### BRIEF
Without changing a thing, reproduce the entire listing and leave out its pictures.

### INPUT DATA
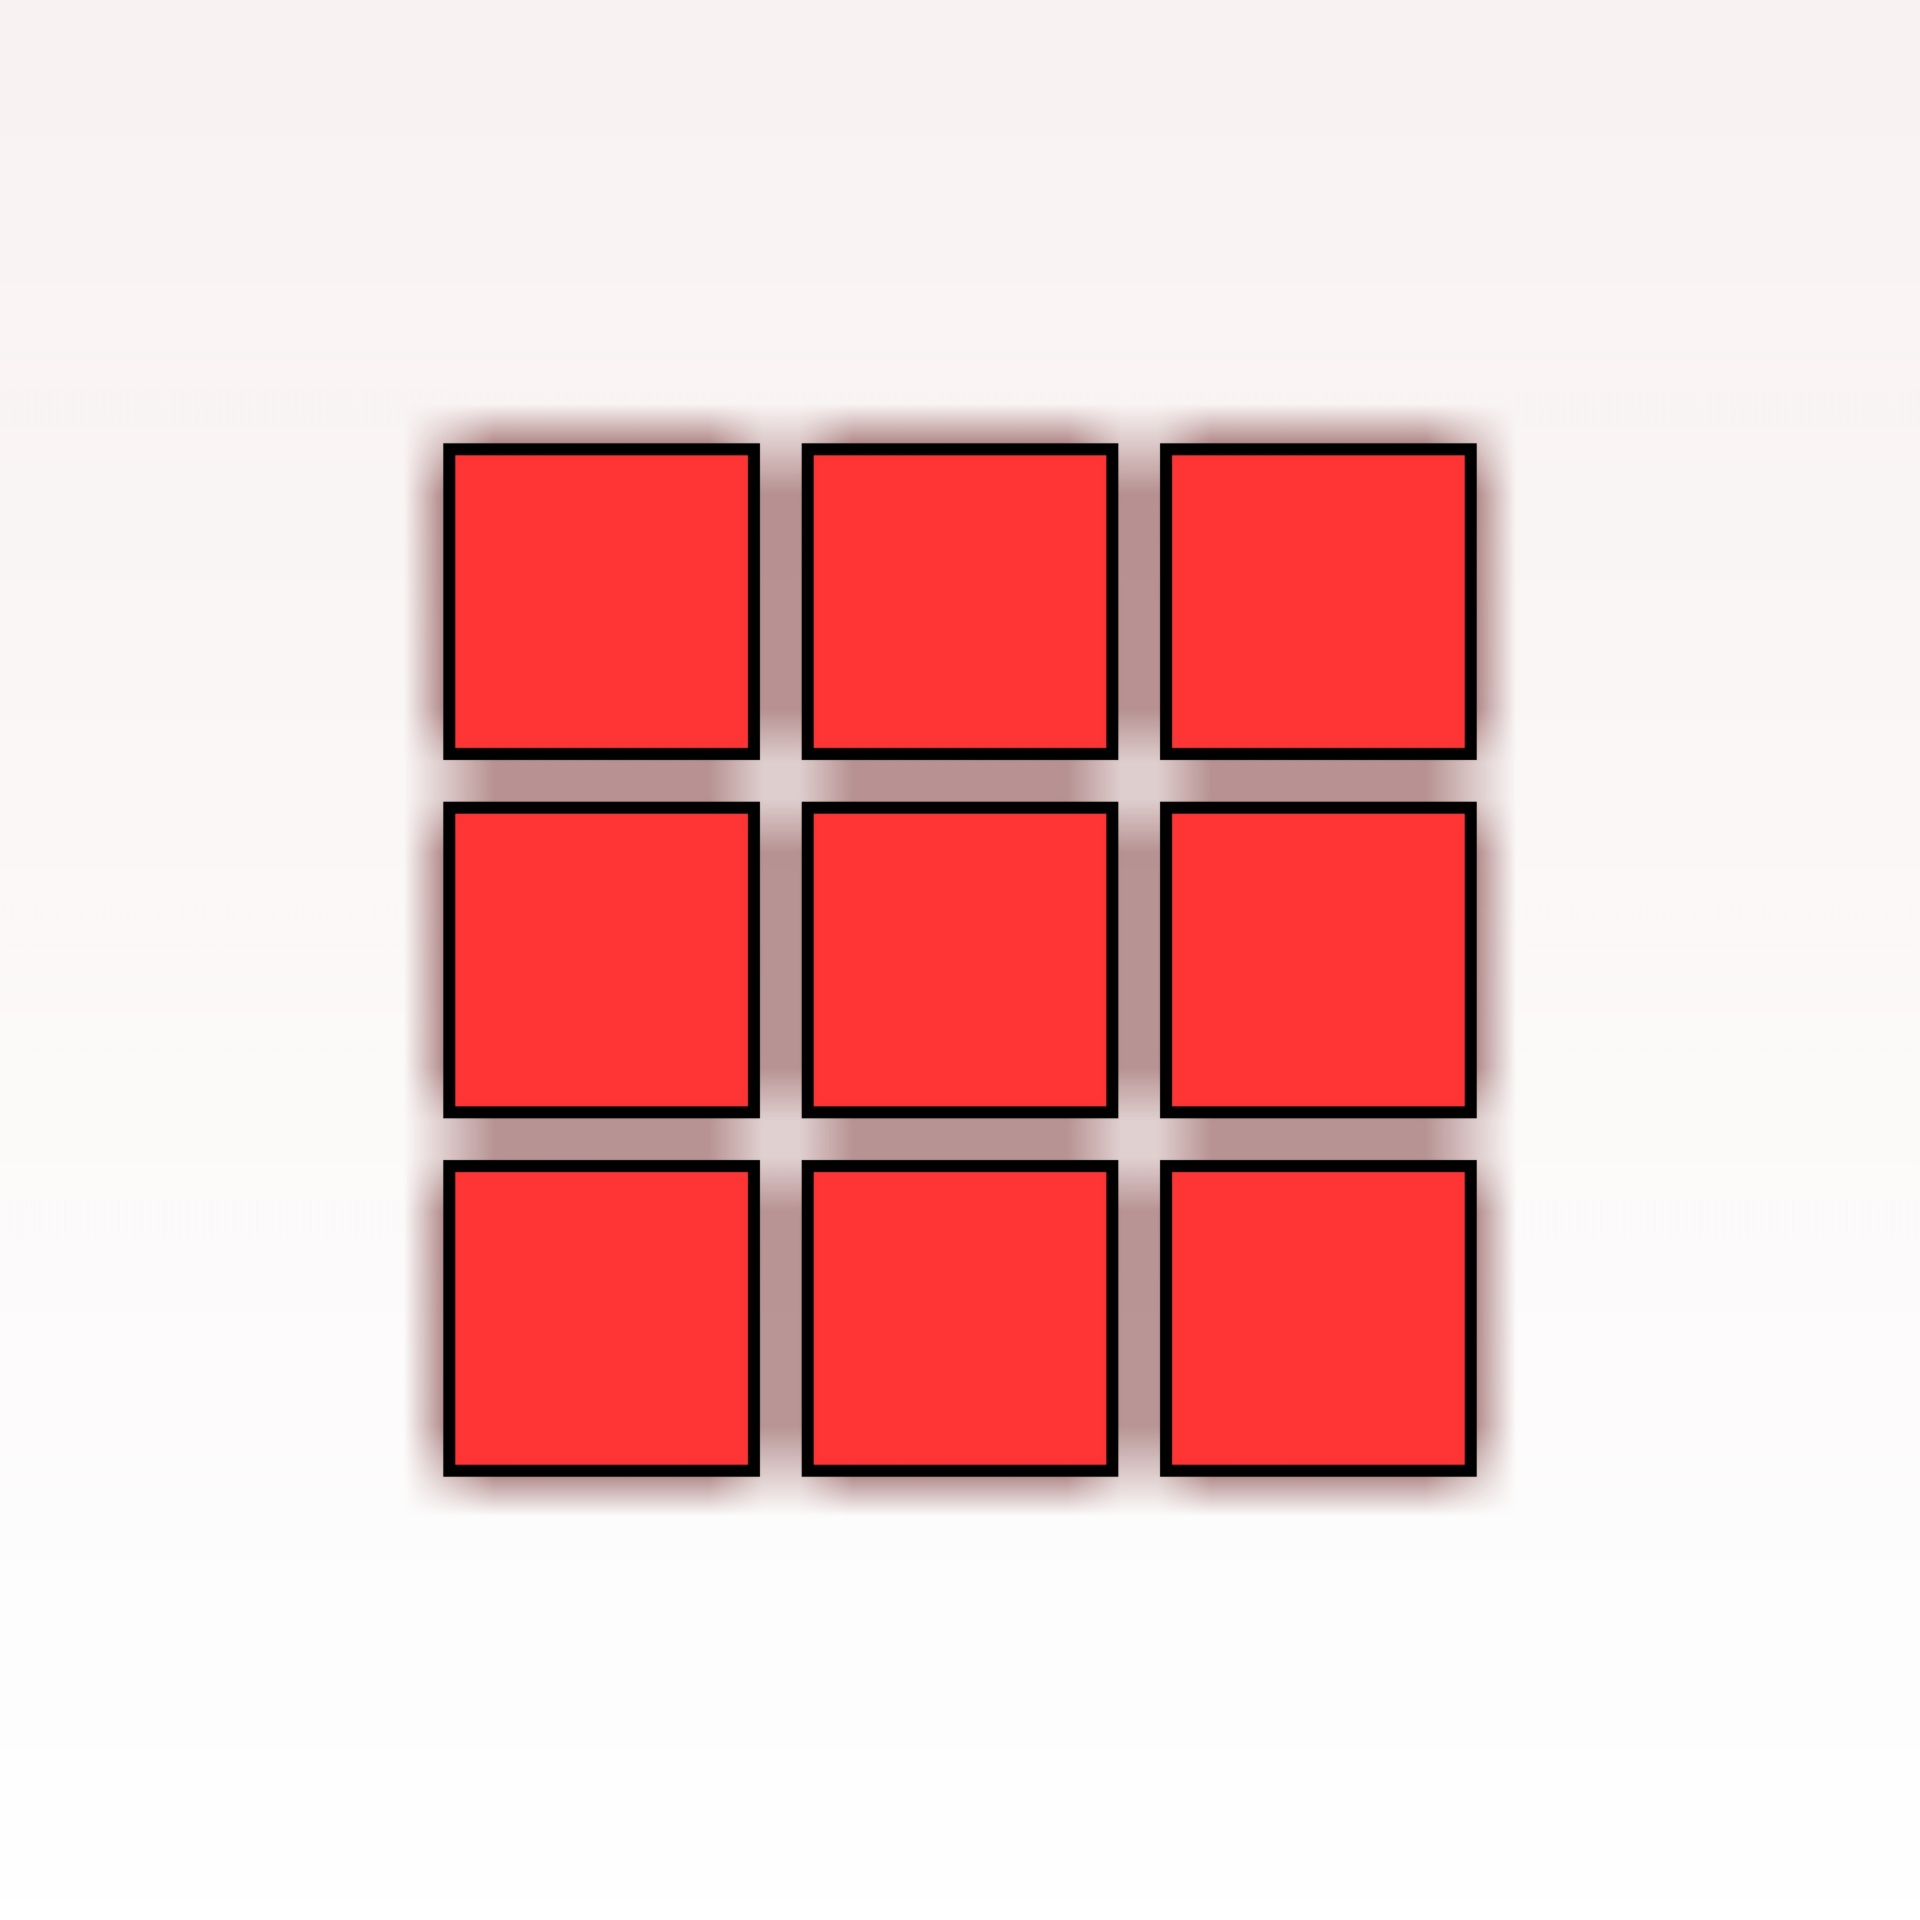 Звуки квадратики. Красный квадрат. Красный квадратик. Квадраты раздаточный материал. Красный квадрат на белом фоне.
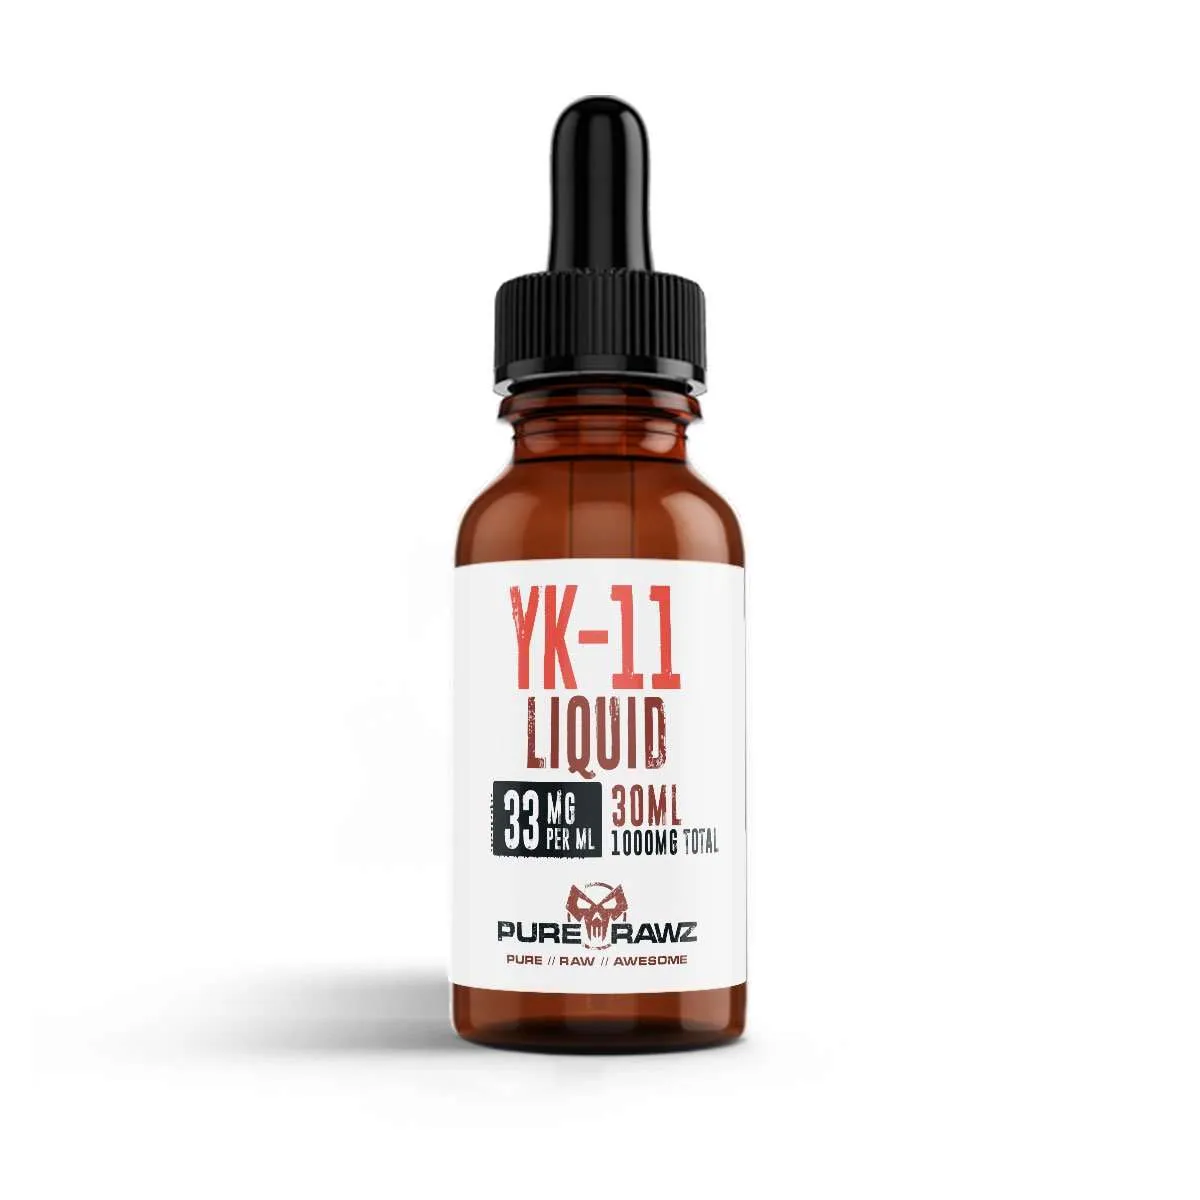 YK11 for Sale (Buy Myostine) | Liquid Vials
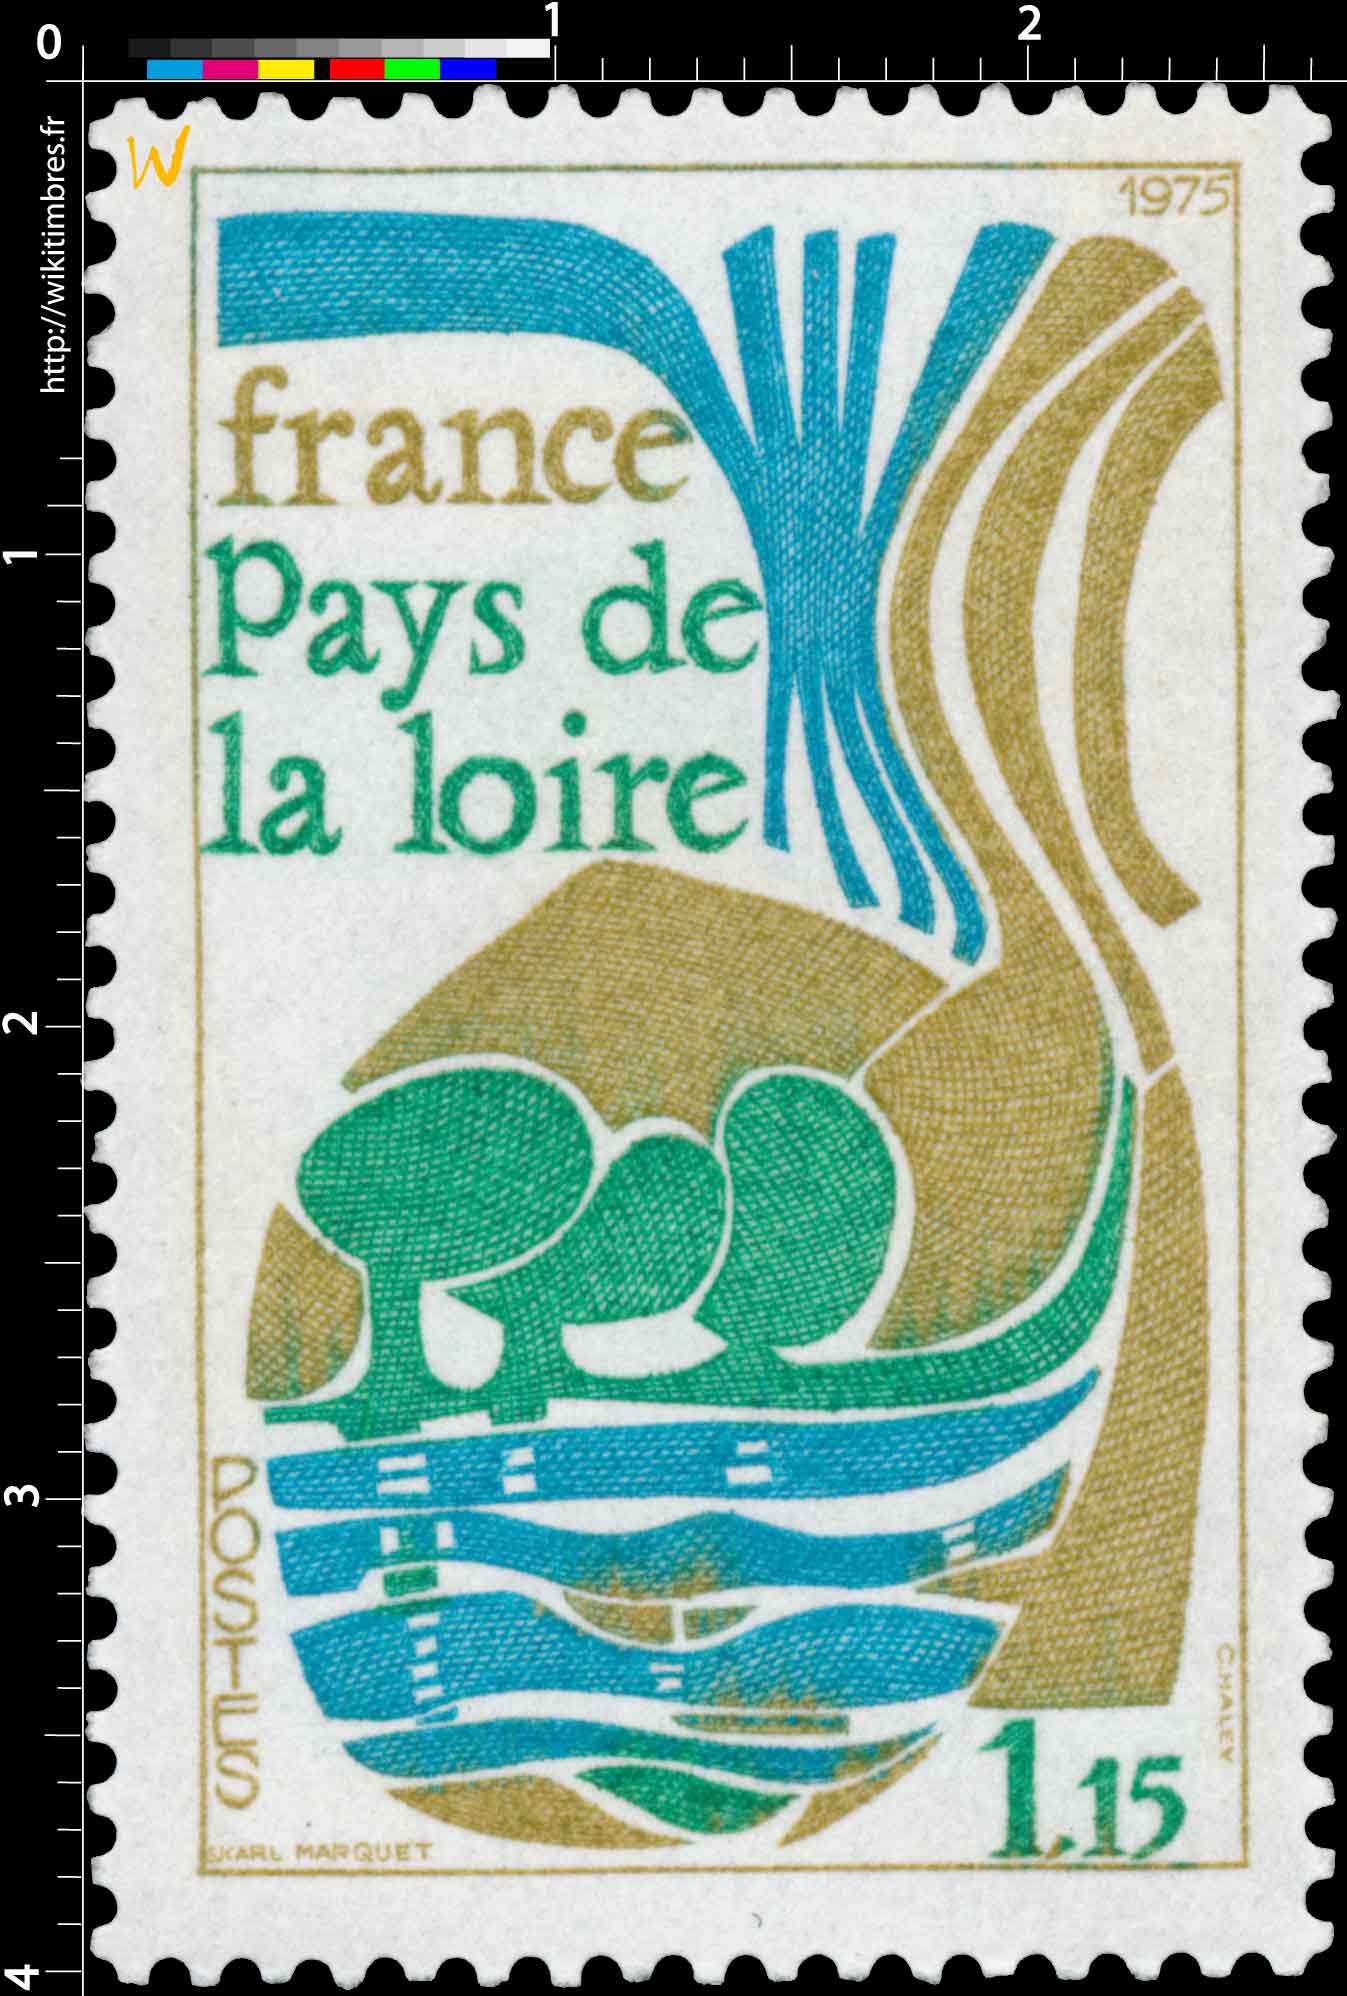 1975 Pays de la Loire

### RESPONSE
 Звуки квадратики. Красный квадрат. Красный квадратик. Квадраты раздаточный материал. Красный квадрат на белом фоне.
 YK11 for Sale (Buy Myostine) | Liquid Vials
 1975 Pays de la Loire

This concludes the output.